Tahuna vital, stadium not

Surfers take advantage of the conditions created by the now-removed outfall platform at Tahuna....
Surfers take advantage of the conditions created by the now-removed outfall platform at Tahuna. Secondary treatment would mean "no more pollution on city beaches" and "no more hepatitis inoculations for life-savers". Photo supplied.
Former Otago regional councillor Neville Peat says that, new stadium or not, the City Council must complete the Tahuna wastewater treatment project on time.

The spring of 2011 should be a glorious time for Dunedin.

Three Rugby World Cup matches booked into Carisbrook (or a roofed stadium, should it happen), and the commissioning of a flash new sewage treatment system.

No more pollution on city beaches.

No more hepatitis inoculations offered to life-savers.

More than six years in the making, the Tahuna sewage upgrade project is due for completion by September 1, 2011, the month before world rugby hits town.

That date was set by resource consent commissioners in 2003 and subsequently backed up by Environment Court and Minister of Conservation decisions.

Back then, the city council had another view - secondary treatment was "unaffordable".

The council said as much at the hearing.

What it wanted to do was install a one-kilometre pipe at a cost of $37 million, activate chlorination whenever the sewage plume looked like contaminating city beaches, and just keep on fine-sieving the sewage effluent as before, the way it has been done since 1908, dribbling out from underneath Lawyers Head, smudging the sea surface.

Well, the pipe is in now and operating, and today the council's infrastructure services committee is discussing a paper from the council's wastewater unit recommending a $74.3 million ultraviolet disinfection and sludge treatment process - a heaps-better solution than chlorination on its own.

City plumbing, the basis of civilisation, some would say, doesn't come cheap.

The recommended process is $9 million more than is provided for in the council's long-term plan.

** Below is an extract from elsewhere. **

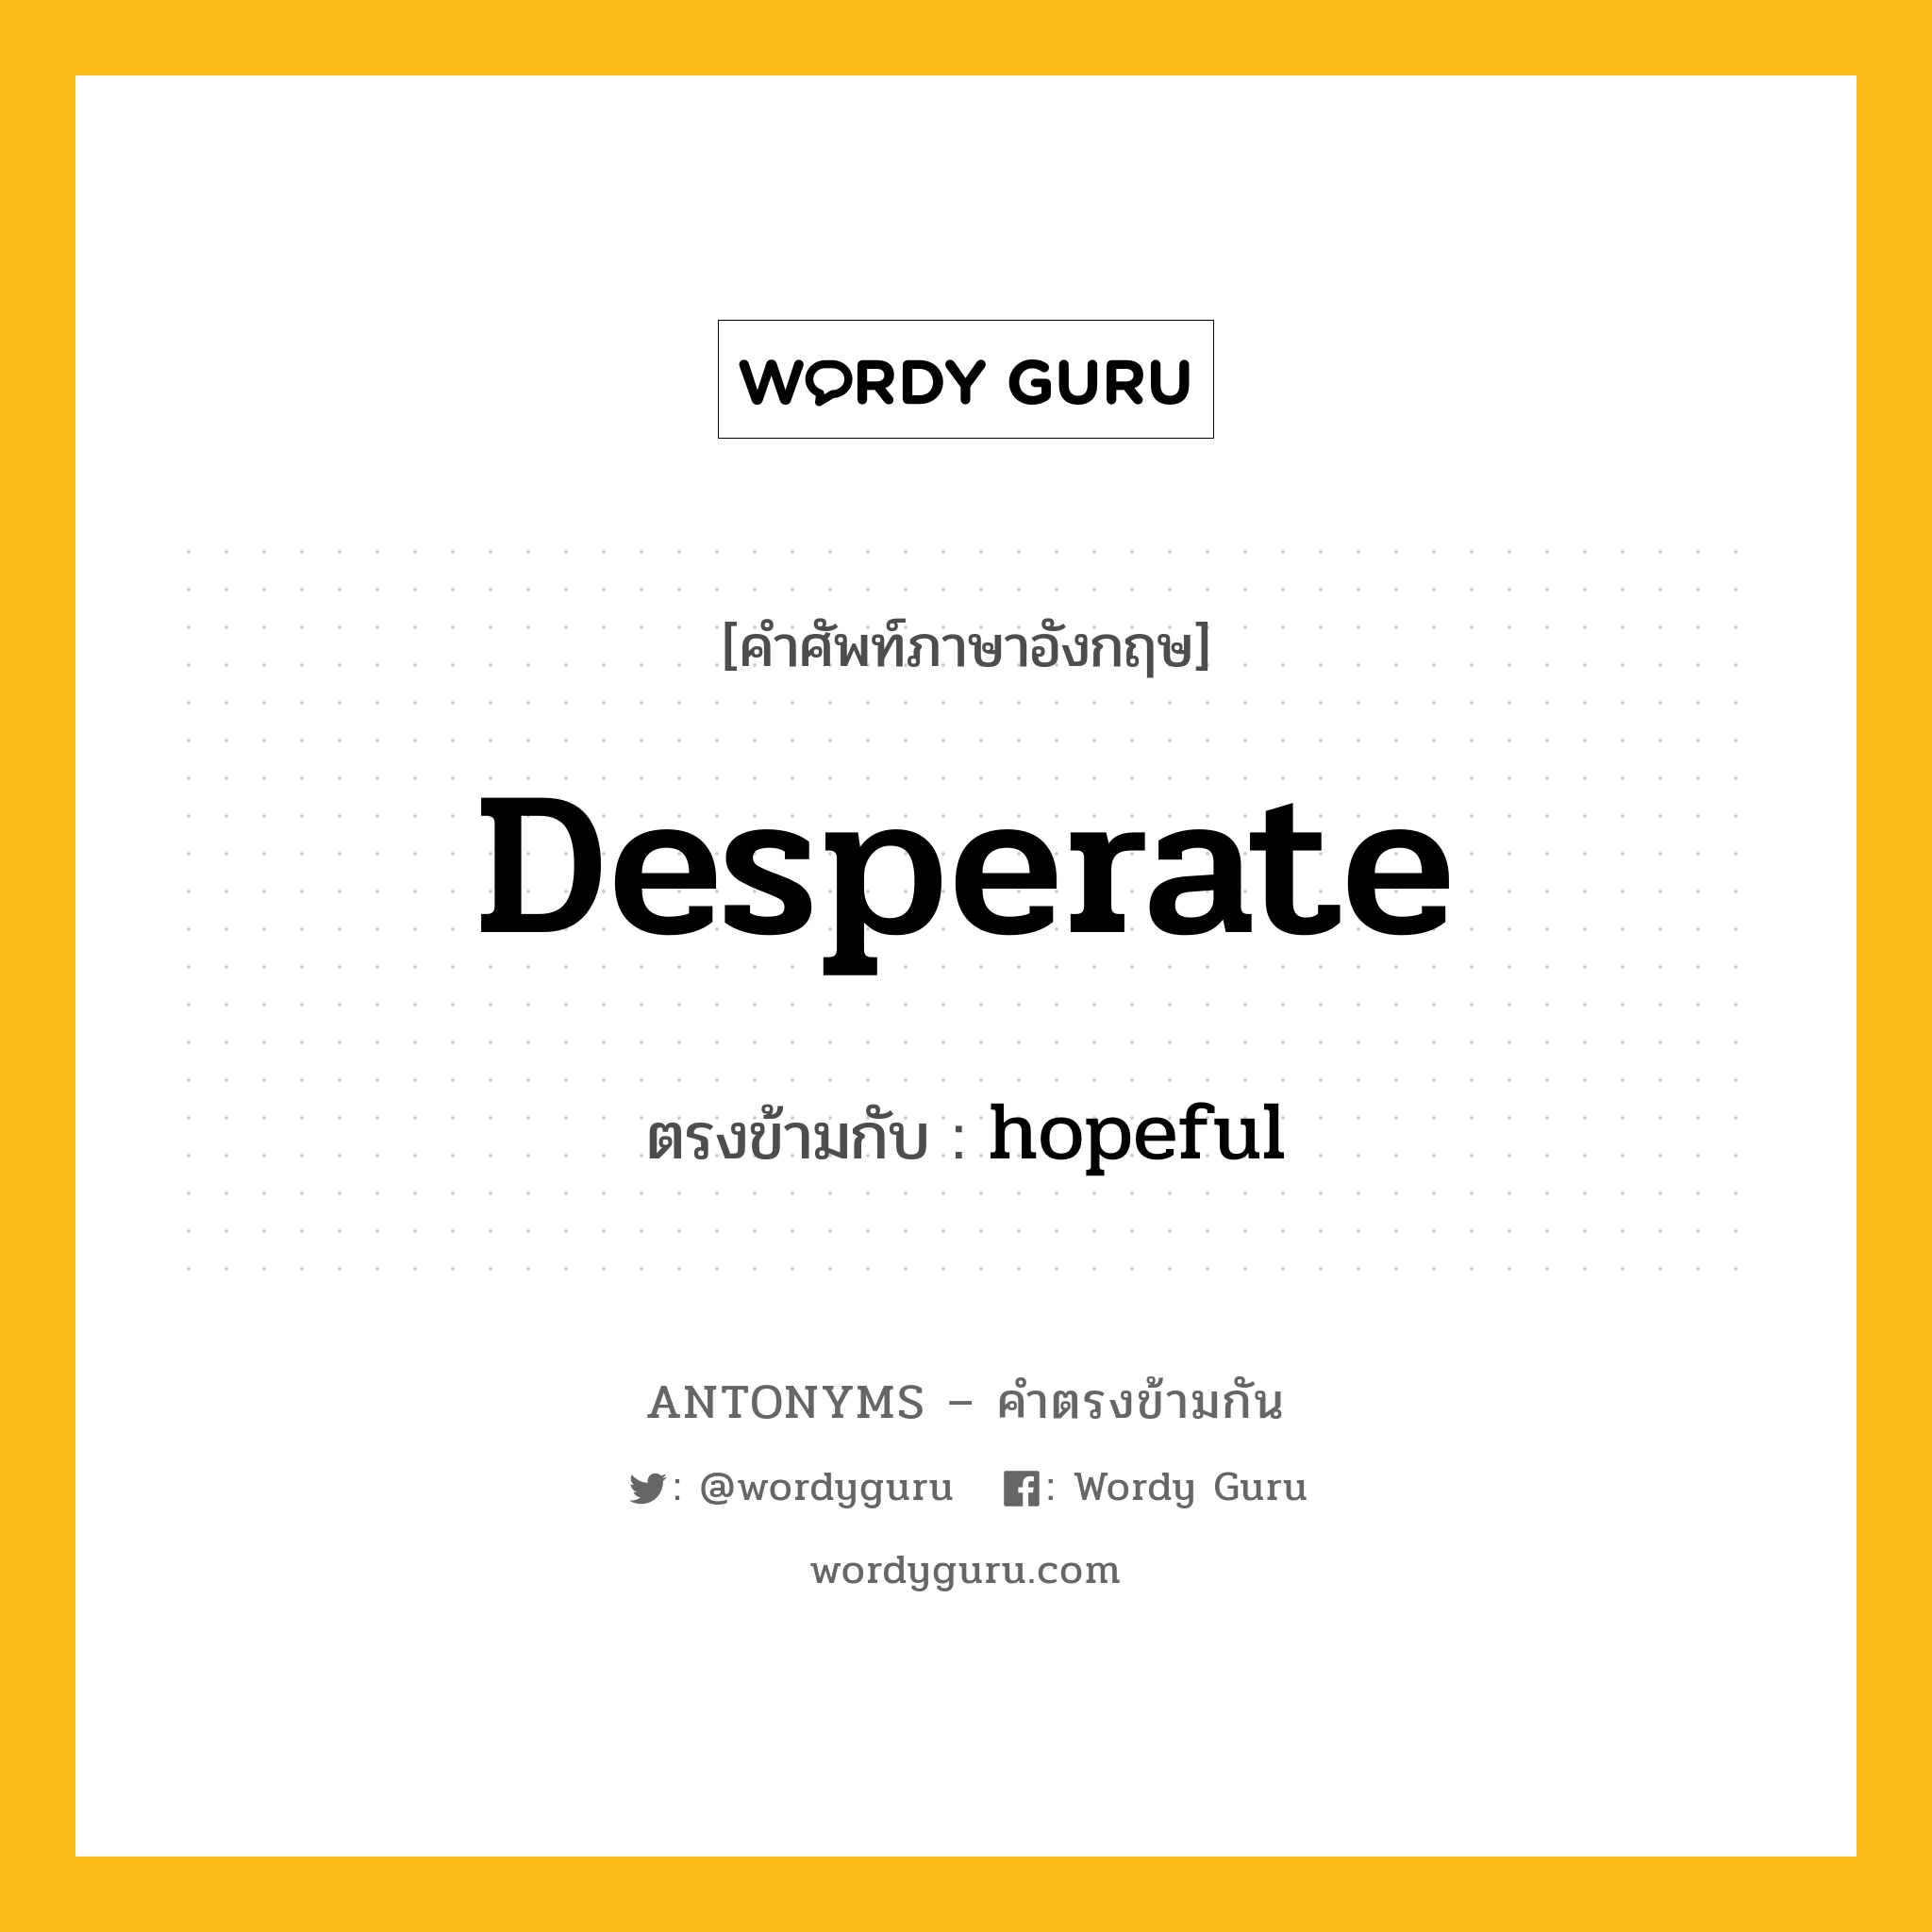 desperate เป็นคำตรงข้ามกับคำไหนบ้าง?, คำศัพท์ภาษาอังกฤษ desperate ตรงข้ามกับ hopeful หมวด hopeful
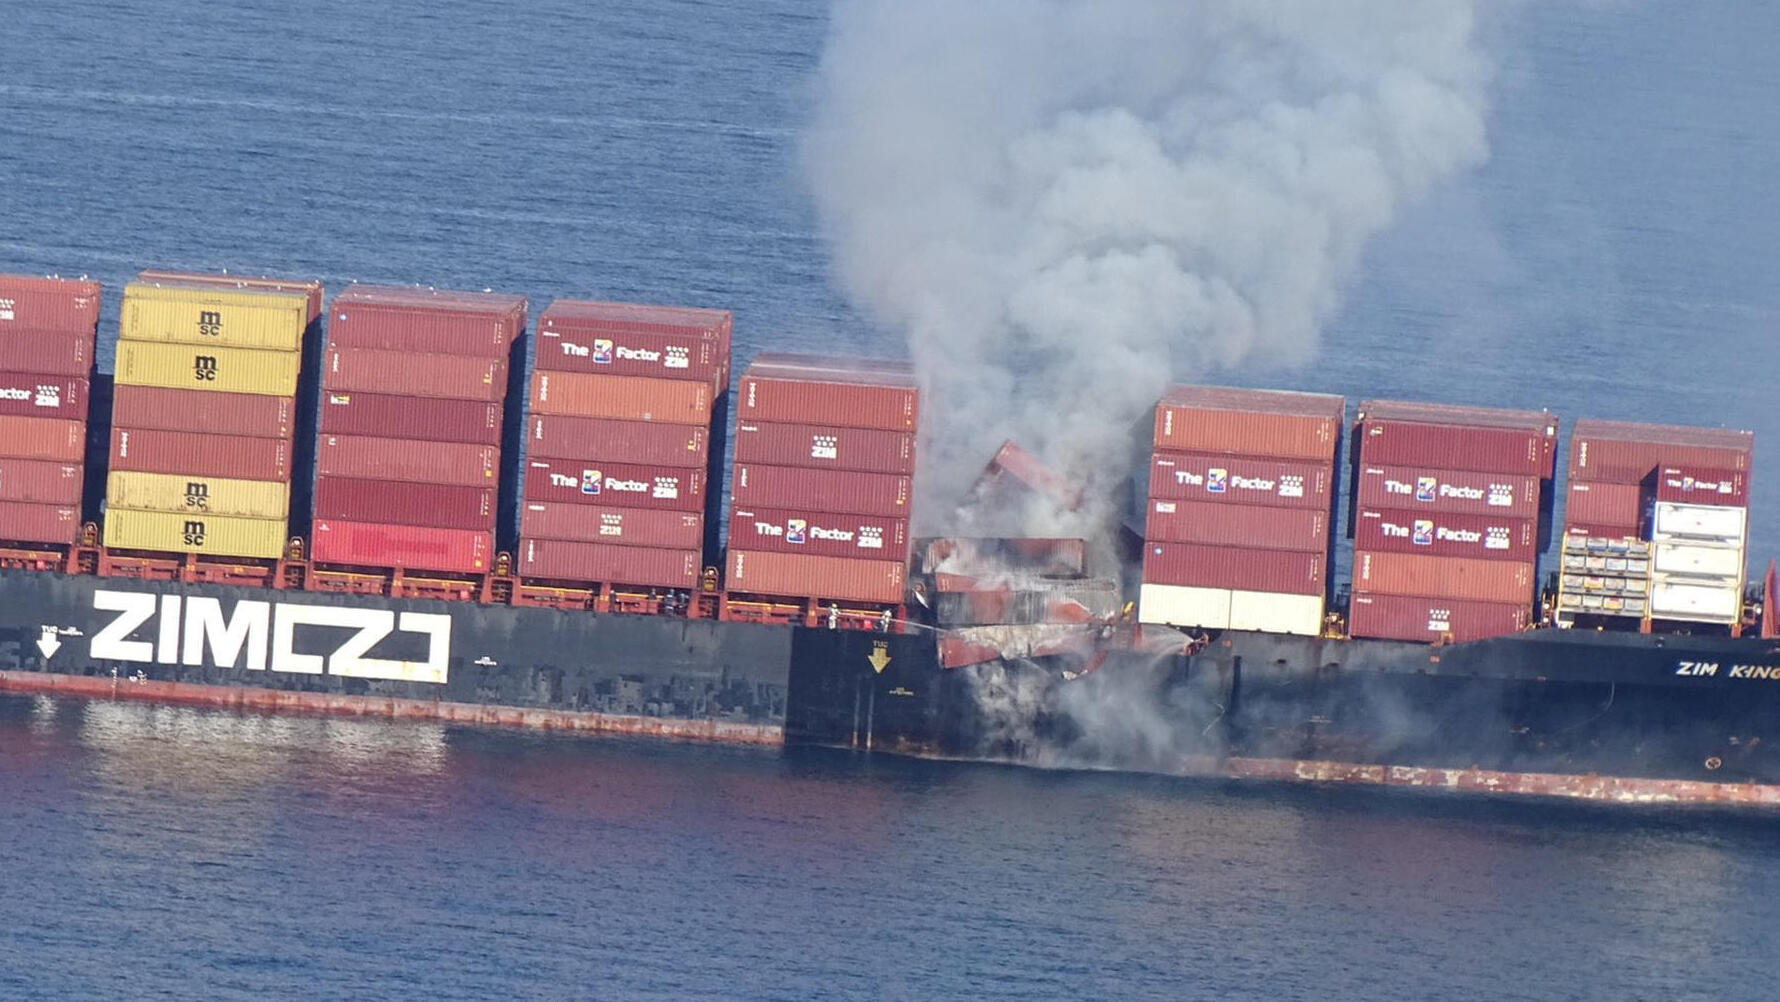 אוניה קינגסטון צים שריפה מול חופי קנדה

It's a scary number, $74 million.

But the council must not flinch.

Discharging primary, sieved sewage close to city beaches not only poses grave public health risks; it tarnishes the city's nature tourism reputation, which depends on marine life (albatrosses, penguins, sea lions) and generates an estimated $100 million a year for the city's economy.

Decent wastewater treatment was what the public cried out for around the turn of the millennium.

It was the No1 public concern.

It would surely trounce a new roofed stadium in any referendum on what projects the council should proceed with and over which it should go into massive debt.

The total cost of the Tahuna upgrade, including the pipe, would be $111 million if the council agrees to the UV process.

Eight years ago this was unaffordable.

Really? In 2009, the council has voted to support a roofed stadium that adds $108 million to the red line plus a few tens of millions in a bridging loan pending payments rolling in from the private sector.

All that, plus a $45 million Town Hall redevelopment, an Otago Settlers' Museum expansion and an unknown number of water, stormwater and wastewater pipe renewals, means that council debt is set to spike alarmingly over the next couple of years.

Given council cautiousness over Tahuna spending in the past, would it not be prudent to spread the debt by postponing a decision on the stadium for, say, five years, maybe up to 10?

The stadium had appeal three years ago - a new multipurpose addition to the city's impressive array of public amenities; so long as ratepayers were not overburdened.

But the ground has clearly shifted on the stadium in the past year.

Let us get through the recession (which shaky debt helped create in the first place) and encourage a higher level of private-sector support for the stadium.

Let us develop its multipurpose premise so that it looks at least halfway credible and affordable, and less desperately dependent on rates and taxes.

Why so little private-sector investment? Why the rush? If debt is a difficulty, and there is clearly a suspicion of this, why not postpone?

Tahuna has priority.

It has overwhelming public support and needs to be completed by September 2011 or it will be in breach of the Otago Regional Council's coastal plan, which, by that time, requires clean water for swimming, surfing and other forms of contact recreation, and safe shellfish-gathering water quality.

A hundred years ago, when sewage flows were considerably less, the city council commissioned the Lawyers Head outfall and probably congratulated itself on a job well done.

The sea would dilute the effluent.

Dilution was the solution.

This is no longer acceptable.

Bacteria, viruses, protozoa and other health hazards all need to be cleansed from the effluent.

The current suite of coastal permits allows a peak discharge rate from the diffusers at the end of the outfall pipe of 4000 litres a second.

A treatment system to cope with such volumes is expensive.

But the cost is less than a roofed stadium, and whereas the Tahuna project is destined to come up smelling of roses, can the same be said for a new roofed stadium?

Right now the benefits of Tahuna are a lot more tangible and believable.

Neville Peat chaired the panel of commissioners at the Otago Regional Council's Tahuna wastewater outfall resource consent hearing.